Figure 4. The frequency of H2K^d-IGRP_206–214 binding by TCR Vβ8.1/2-expressing CD8⁺ Teff/mem in grafted and endogenous islets in NOD recipients.

The frequency of islet graft and pancreas-infiltrating TCR Vβ8.1/2 CD8⁺ T cells binding H2K^d-IGRP_206–214 tetramer was determined for an individual NOD recipient (n = 6).

Figure 5. Analyses of TCR Vβ chain usage by CD4⁺ Teff/mem in islet graft NOD recipients.

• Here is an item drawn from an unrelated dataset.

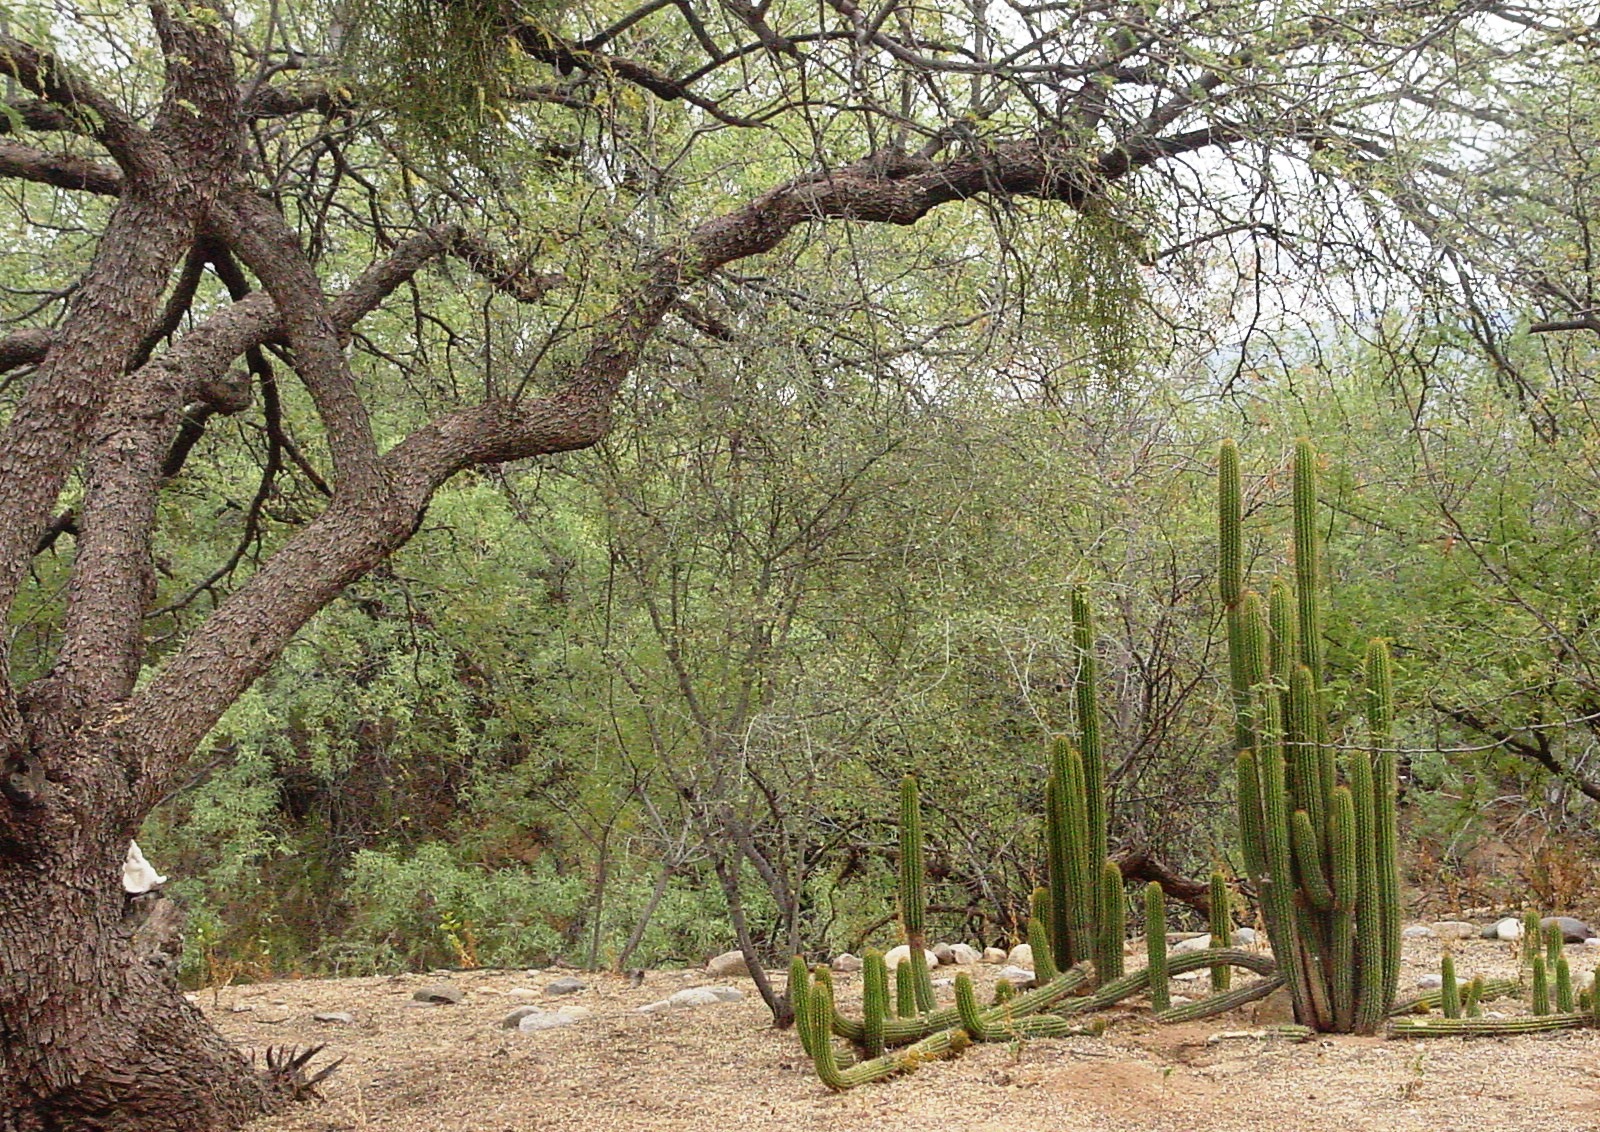 Cactus Cobras

(A) Percentage of CD4⁺ Teff/mem expressing specific TCR Vβ chains in spleen, PLN, RLN, pancreas, and islet graft of individual NOD mice (n = 13). (B) TCR Vβ chain usage by CD4⁺ Teff/mem was normalized by subtracting the frequency of the corresponding TCR Vβ chain expressed by splenic, naïve CD4⁺ T cells for a given NOD recipient. ***p<0.001, *p<0.05; One way ANOVA with Dunn’s post-test.

Figure 6. Tissue distribution and proliferation of TCR Vβ12-expressing CD4⁺ Teff/mem in NOD islet graft recipients.

(A) Comparison among tissues of the change in frequency of TCR Vβ12-expressing CD4⁺ Teff/mem normalized by subtracting the percentage of TCR Vβ12-expressing splenic, naïve CD4⁺ T cells for a given NOD recipient (n = 13). (B) The tissue distribution of TCR Vβ12-expressing CD4⁺ Teff/mem staining for Ki67. ***p<0.001, **p<0.01, *p<0.05; Kruskal-Wallis test with two-sided Dunn's post-test.

Figure 7. Tissue-specific TCR Vβ chain diversity and distribution for CD4⁺ and CD8⁺ Teff/mem in NOD islet graft recipients.

The diversity (A) and distribution (B) of Vβ chain usage by tissue-specific CD4⁺ and CD8+ Teff/mem in NOD islet graft recipients (n = 13) was determined by Shannon entropy and Kullback-Leibler divergence, respectively. For the latter, the X axis represents comparisons of the respective tissues to the islet graft of a given NOD recipient. *p<0.05; Kruskal-Wallis test with two-sided Dunn's post-test.